Развивая эту мысль, она вместе с тем отлично сознавала, что никакого изъяна в нем нет. Совсем никакого. Дело в ней, только в ней. Она стояла, прислонясь к большому лежащему дереву, вероятно выброшенному на берег штормом, ошкуренному волнами, гладкому и затвердевшему от соли. Ее поясница удобно поместилась между стволом и большим суком, и массивный ствол еще отдавал остатнее дневное тепло. Так мог бы младенец нежиться на сгибе материнской руки, но Флоренс не верила, что такое бывало с ней. У Виолетты руки были худые и напряженные от постоянного писания и мыслительной работы. Когда Флоренс было пять лет, у них служила норлендская няня, полненькая и уютная, с музыкальным шотландским голосом и красными руками — но ей пришлось уйти из-за какой-то некрасивой истории.
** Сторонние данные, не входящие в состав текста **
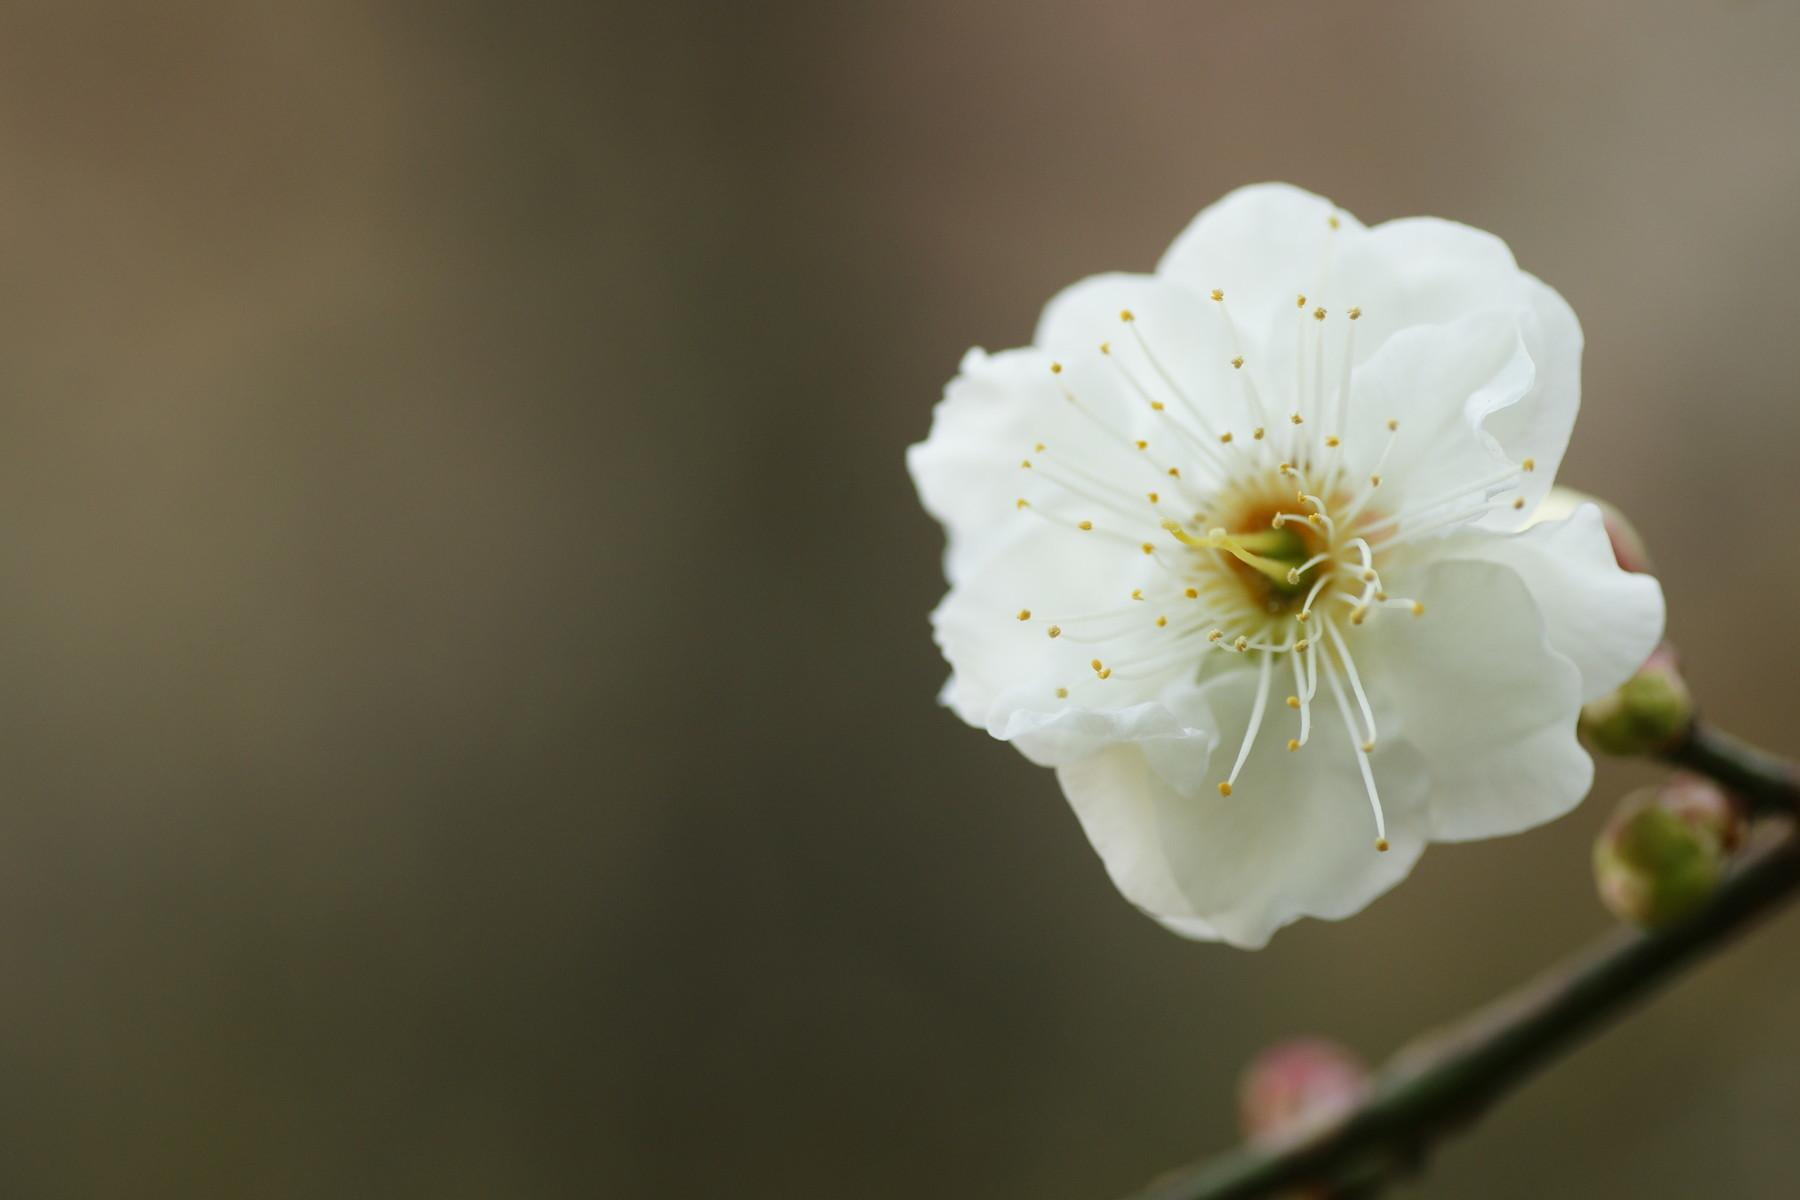 古いカメラとレンズで桜と梅を撮る_f0381792_11270262.jpg

Флоренс продолжала наблюдать за приближением Эдуарда, уверенная, что он ее еще не видит. Она могла спуститься на другую сторону косы и вернуться по берегу Флита, но хоть и боялась встречи, решила, что сбежать — чересчур жестоко. Его плечи ненадолго обозначились на фоне серебристой воды, полоски течения, уходящей позади него далеко в море. Она уже слышала хруст гальки под его ногами; это значило, что он услышал бы ее шаги. Он знал, в какой стороне ее искать, потому что так они заранее договорились: после ужина прогуляться по знаменитой стрелке с бутылкой вина. Собирать камешки, сравнивать их и проверить, в самом ли деле шторма рассортировали гальку по размерам вдоль косы.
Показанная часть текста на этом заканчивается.